Ahmadinejad’s main challenger, Mousavi, has rejected the result as rigged and urged his supporters to resist a Government of “lies and dictatorship.” The clashes in central Tehran were the more serious disturbances in the Capital since the student-led protests in 1999 and showed the potential for the showdown over the vote to spill over into further violence and challenges to the Islamic establishment.
Setback for Superpowers
Ahmadinejad’s defeat would have probably be welcomed abroad as a sign that Iran is moving away from his policies, but Iran’s policies are not his — they are dictated by Ayatollah Khamenei and his supporters in the Revolutionary Guard and Basij paramilitary. Now the international community, led by the world’s superpowers, must again deal with Ahmadinejad, who has refused talks with six world powers over Iran’s nuclear programme. The three-week election campaign was marked by mudslinging, with Ahmadinejad accusing his rivals of corruption. They said he was lying about the economy. Inflation, officially put at 15 per cent, and unemployment were core issues in the debate.

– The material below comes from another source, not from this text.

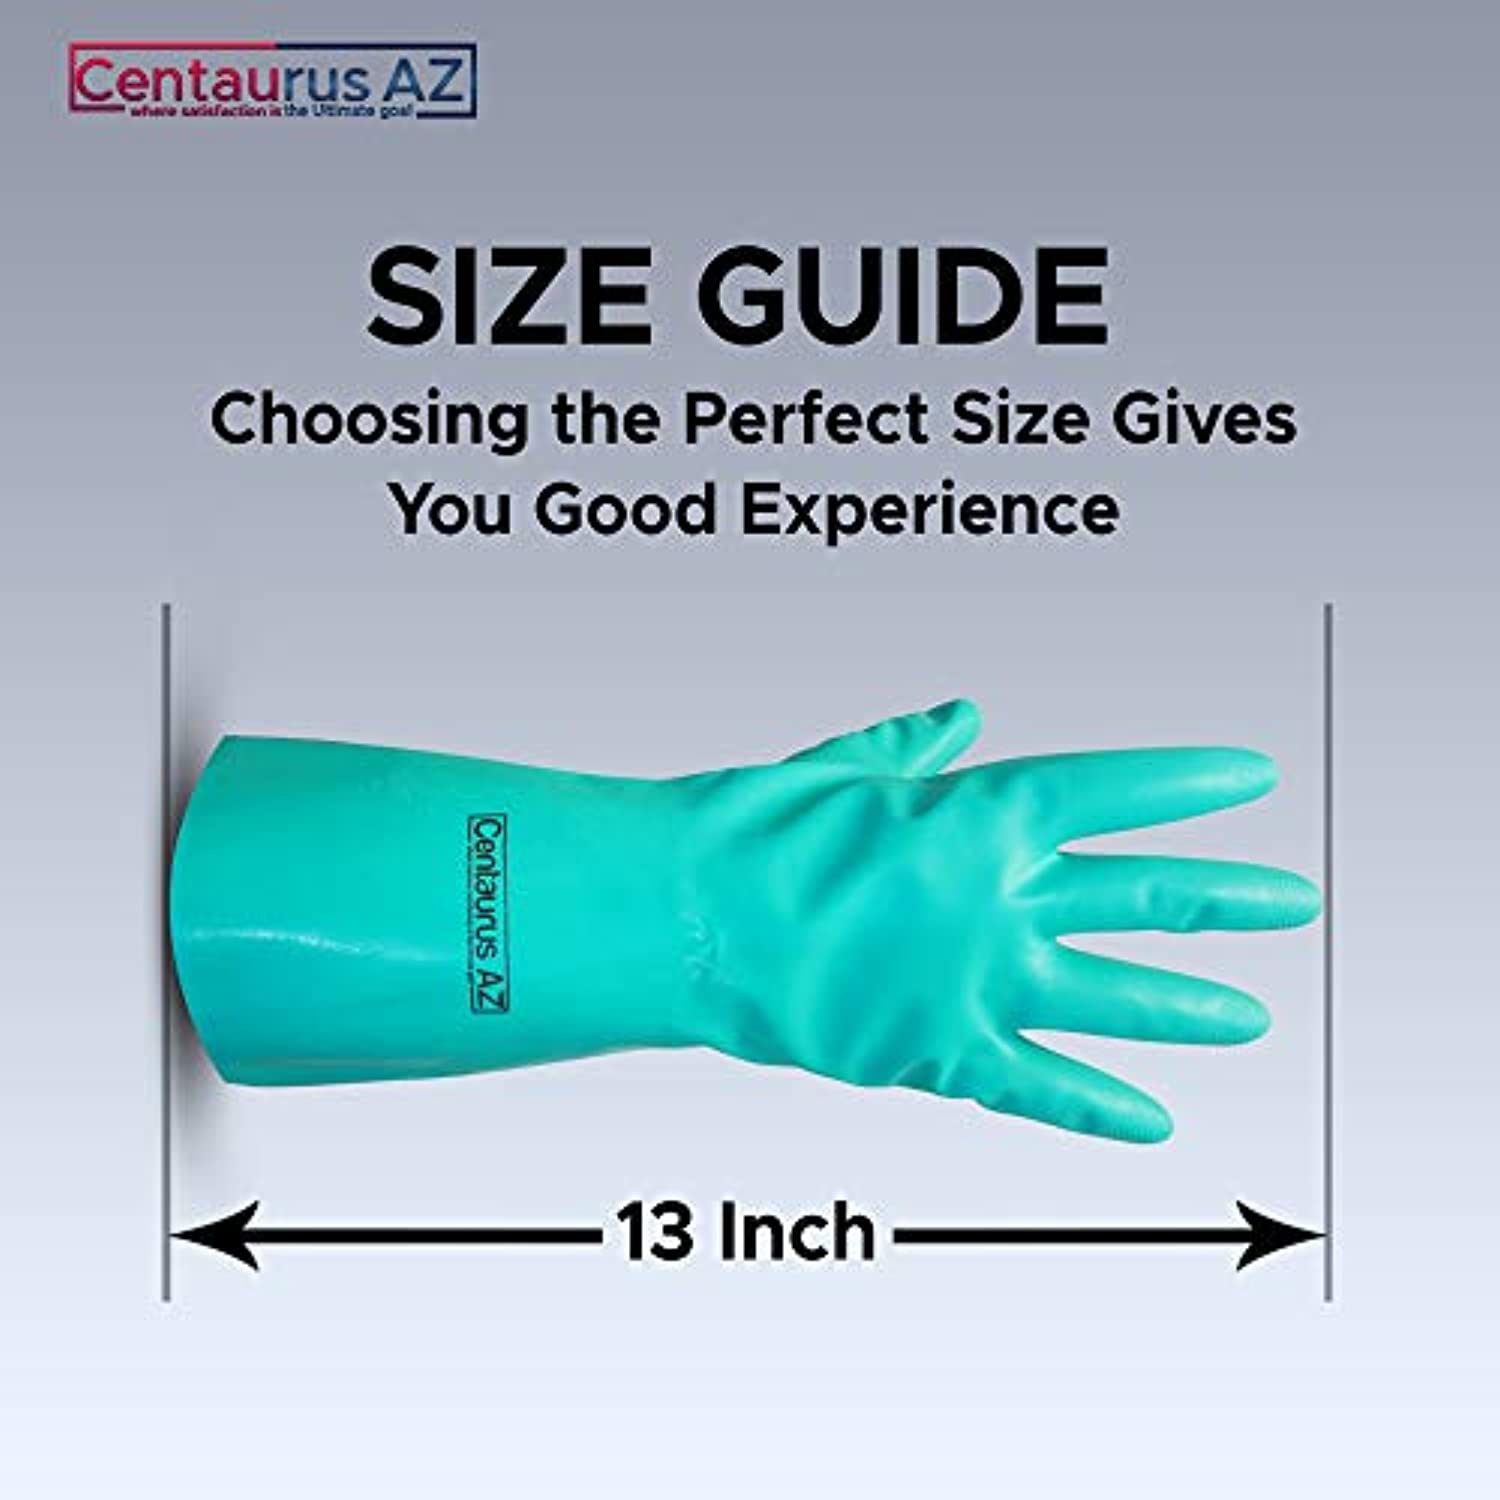 Klean-Strip VM&P Naphtha Thins Enamels & Varnish Cleans Greasy, Waxy, Oily Surfaces & Machine Parts Faster Drying Now Comes with Chemical Resistant Gloves by Centaurus AZ, 1Gal (3.785L)

The United States has had no ties with Iran, the world’s fifth biggest oil exporter, since shortly after the revolution. US President Barack Obama said his country had “tried to send a clear message that we think there is a possibility of change”.
However, the present verdict does not sound the death-knell of Iranian liberalism. There is a tremendous energy within middle-class Iran that feels stifled by rigid social taboos and the strictures on personal and intellectual freedom. However, the political expressions of these frustrations are stymied by the association of liberalism with the West, an association that raises both conservative and nationalist hackles. After all, despite what Obama said in Cairo, Iranian nationalism is at odds with the West over a dispute that is nominally over nuclear weapons but which translates on the ground as an issue of national self-esteem.
Influence of Ahmadinejad
There is little denying that the personality of the President does influence the tenor of Tehran’s engagement with the rest of the world. You just have to compare the last two men who held the job. Mohammad Khatami — president from 1997 to 2005 and an almost-ran this year — brought his country closest to a “grand bargain” when he used the UN platform to call for a dialogue among civilisations. However, in the end, Khatami’s tenure remained an era of lost chances, and the US must still wonder at the chances it lost while Iranians take stock of the slivers of reform that so quickly vanished with the end of his presidency.
However, this is a schism that Iran cannot afford to either suppress or allow to fester. President Ahmadinejad has a pugnacious style. He loves a good fight and this is the basis of his success. The drive for reforms would not have left the Spiritual Leader Khamenei unaffected. According to the present arrangement, the Spiritual Leader has control over foreign policy, the military (including the nuclear programme), law enforcement and justice. Although the elected President is Iran’s face in the world, his primary responsibilities are limited to the economy and education.
Ahmadinejad, who has made a spirited bid for re-election, was the surprise winner in 2005, defeating the bazaar-backed Akbar Hashemi Rafsanjani. His first term was a spectacle of provocation, as he made a pastime of needling the West with rough statements of Holocaust denial and jingoistic assertions of Iran’s nuclear programme.